On the other hand, when the extended source of vibration is used as a phased array (Visser 2005), by the fact that the pulse time interval does not produce an equiphase surface at the entrance (as in the exit) of the pulse, the signals for OTD and IPD differ qualitatively. Such phased array works on the principle of an addition of a given phase to the signal driving each emitter with respect to the adjacent emitter on one side. This phase shift is transmitted along the line: here each PZT vibrates with a delay of \(100 \,\upmu \textrm{s}\) with respect to the one on its side. This causes, by the addition of the individual wave fronts, a propagation of a corrugated wave front directed with an angle to the antenna axis. Figure 4 and Supplementary Material—Animation show the aspect of the first surface wave hitting the body of the antlion. Distinctively from the wave front propagation with all the PZTs vibrating in phase, this wave front is structured along the body of the antlion. The subsequent wave fronts are showing more regularity. In Fig. 4 the position of the antlion is chosen to exhibit the maximum of difference in order to illustrate the following consequence of this wave front construction. By the fact that the propagation is coming by pulses with randomized time interval between pulses, the initial phases of the pulses are equally distributed. As a consequence a pulse like the one illustrated in Fig. 4a can be followed by another pulse with an opposite phase and hence an opposite contrast of amplitude when it hits the antlion, as displayed in Fig. 4b. De facto, the succession of the global phase of the propagating wave is random in the succession of pulses. Hence, the amplitudes ridges of the onset waves are randomly distributed around the body of the antlion. If the information of localization was based on time difference of arrival of successive wave fronts on the respective sensory receptors, the jamming of the first arrival of the wave front would be of little consequence since it is followed by five to seven plane wave fronts. On the other hand if this time difference of arrival was based on the onset time difference, the signal received by the antlion being different from one pulse to another, the retrieved information would be equivocal. This is the basic principle of the tests on which the antlions have been submitted.
Experimental protocol
Experiments have been performed in Maribor with 25 antlions Euroleon nostras in sand of granular size 230–\(540 \,\upmu \textrm{m}\) and in Villetaneuse with 46 antlions Euroleon nostras in sand of granular size 160–\(200 \, \upmu \textrm{m}\), all in their third larvae stage. The antlion larvae develops through three stages. We kept on the third stage exclusively in order to align the results between the Villetaneuse and the Maribor experiments, though we realized afterwards that there was a difference of environment: the sand grains in Maribor was of larger size compared to the one used in Villetaneuse. This difference of size could have had a consequence in terms of rate of responses, as it has been studied by Klokočovnik et al. (2012). Both experiments used the same source of vibration placed 10 to 15 cm away of a single antlion larva.

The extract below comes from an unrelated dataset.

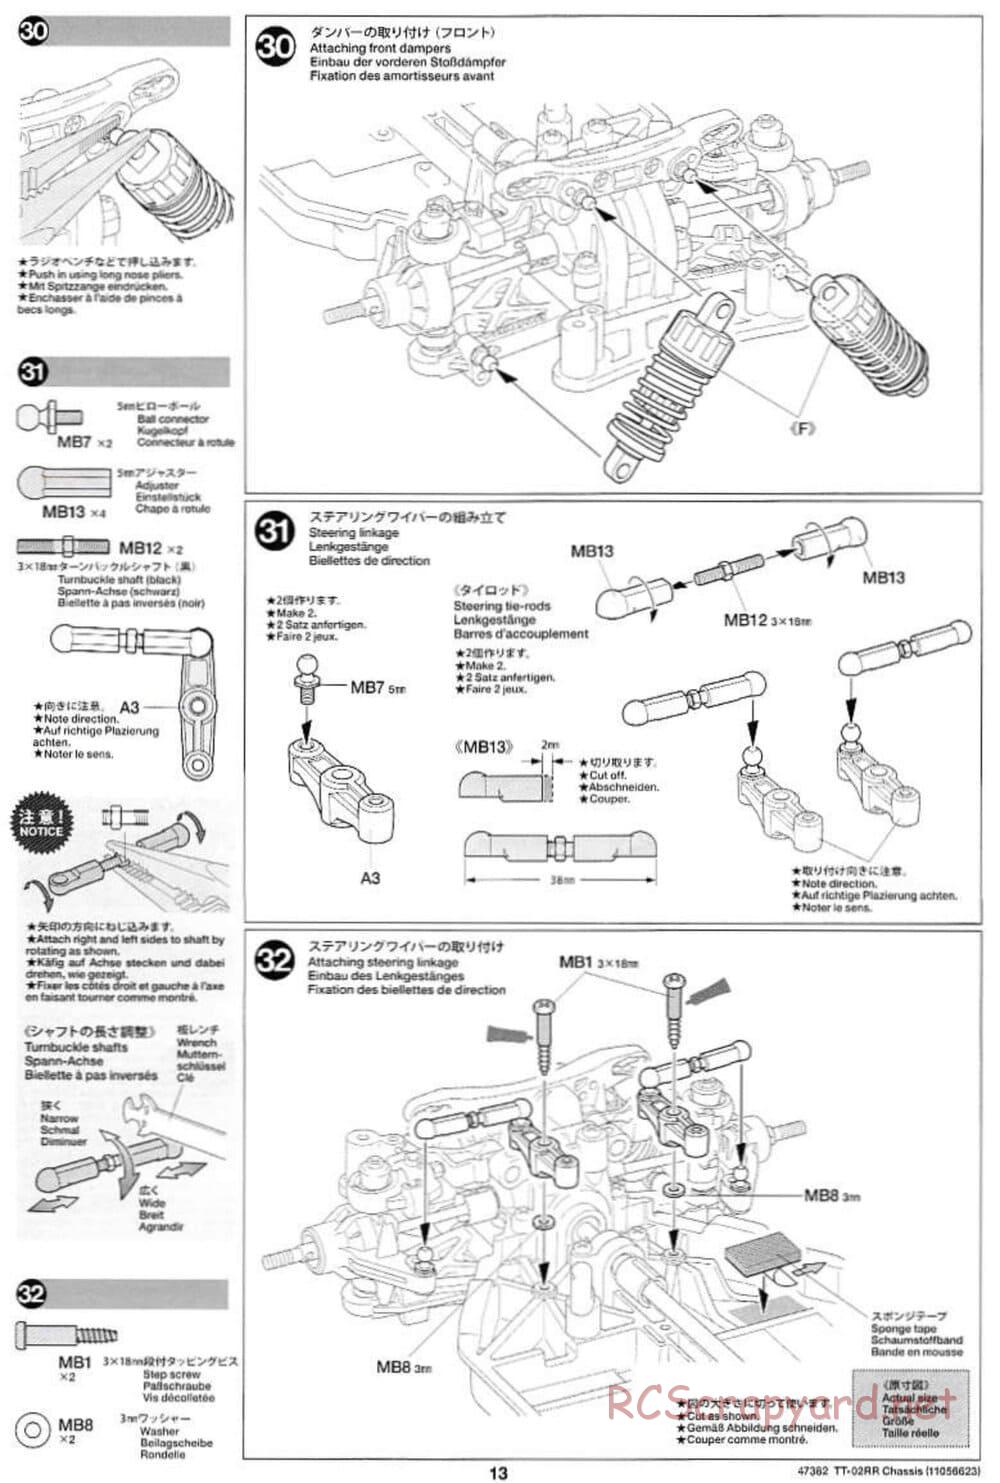 Tamiya - TT-02RR Chassis - Manual - Page 13
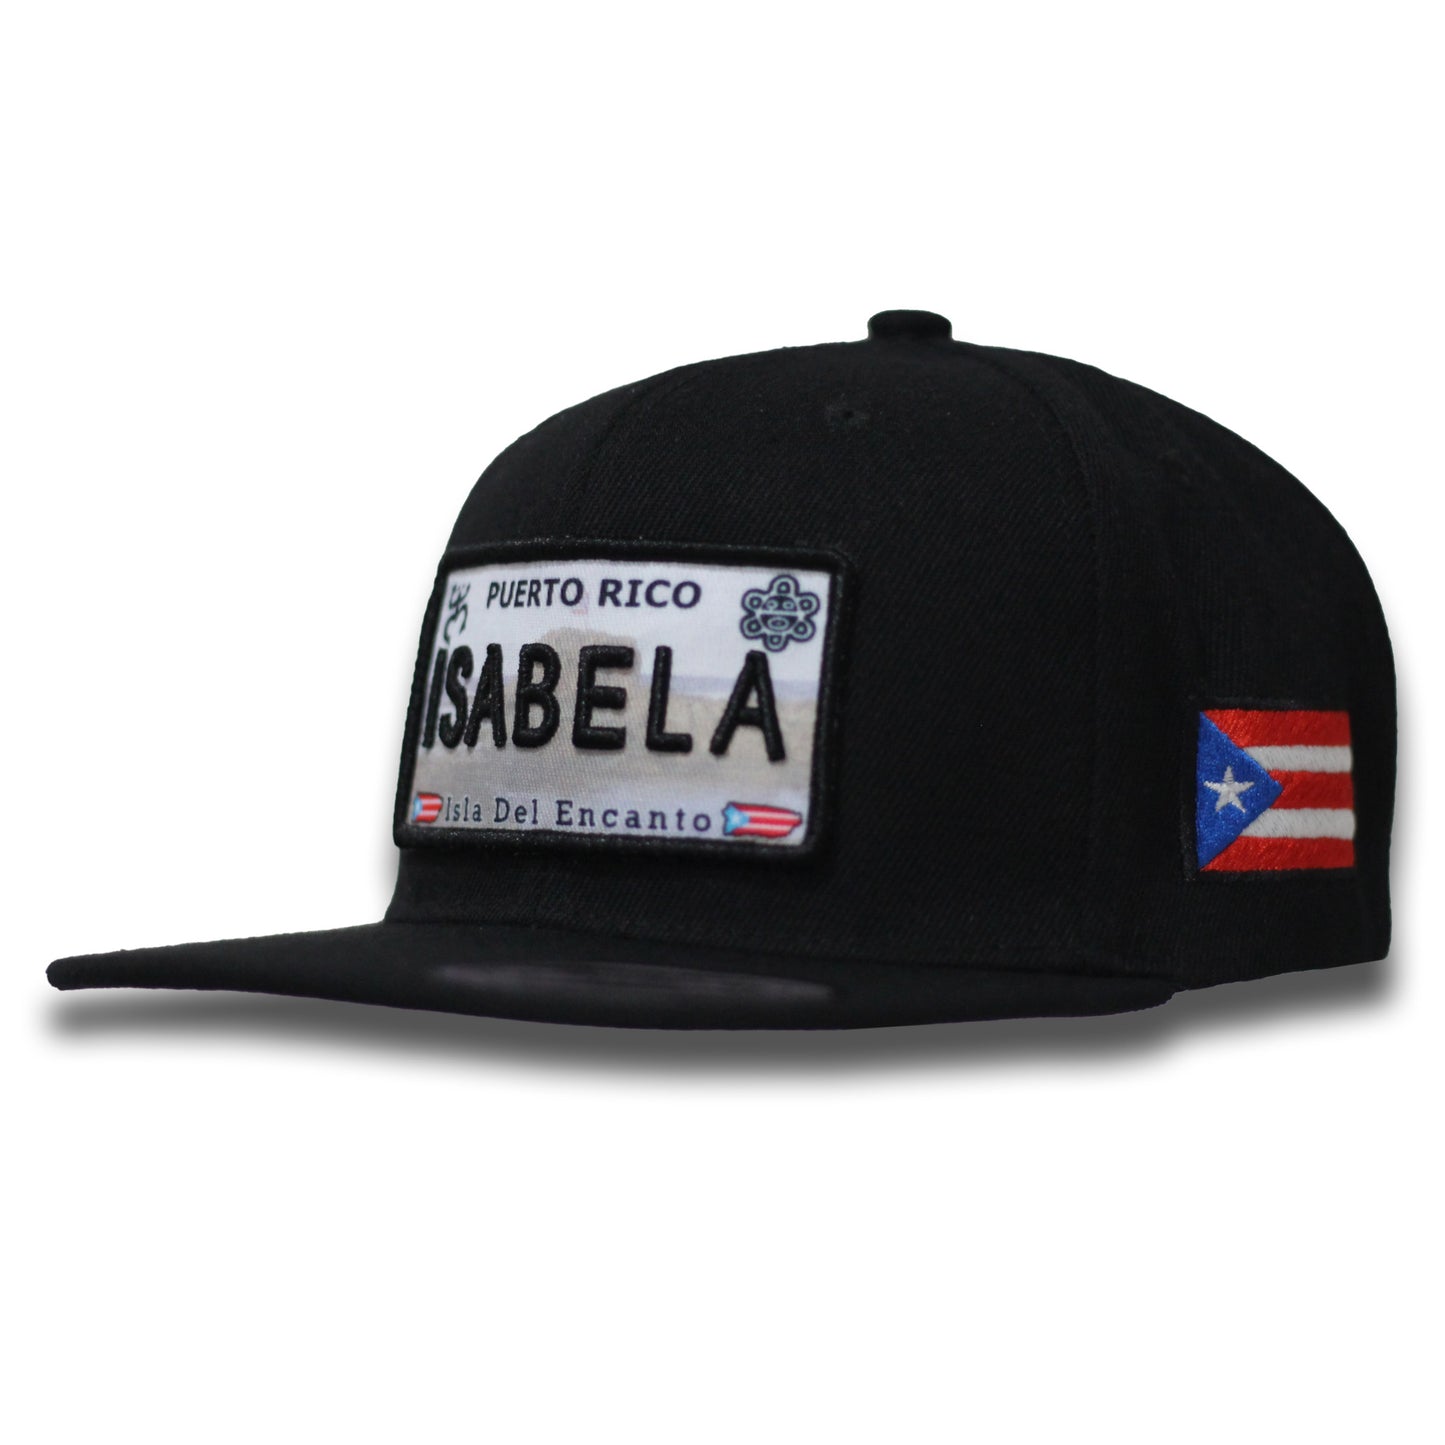 Isabela Hat

An assay consisted to install one antlion inside a \(10 \, \textrm{cm}\) diameter plastic ring, placed \(15 \,\textrm{cm}\) away from the antenna and wait until it had created a pit. A minimum of five minutes later the plastic ring was removed of the sand surface. The video recording of was then started and the signal was triggered 40 min after. A signal consisted in five minutes repetition of a low amplitude signal pattern (around 1 nanometer amplitude) followed by five minutes repetition of a higher amplitude pattern (around 10 nanometer amplitude). The signal pattern is described in the section construction of the artificial cue.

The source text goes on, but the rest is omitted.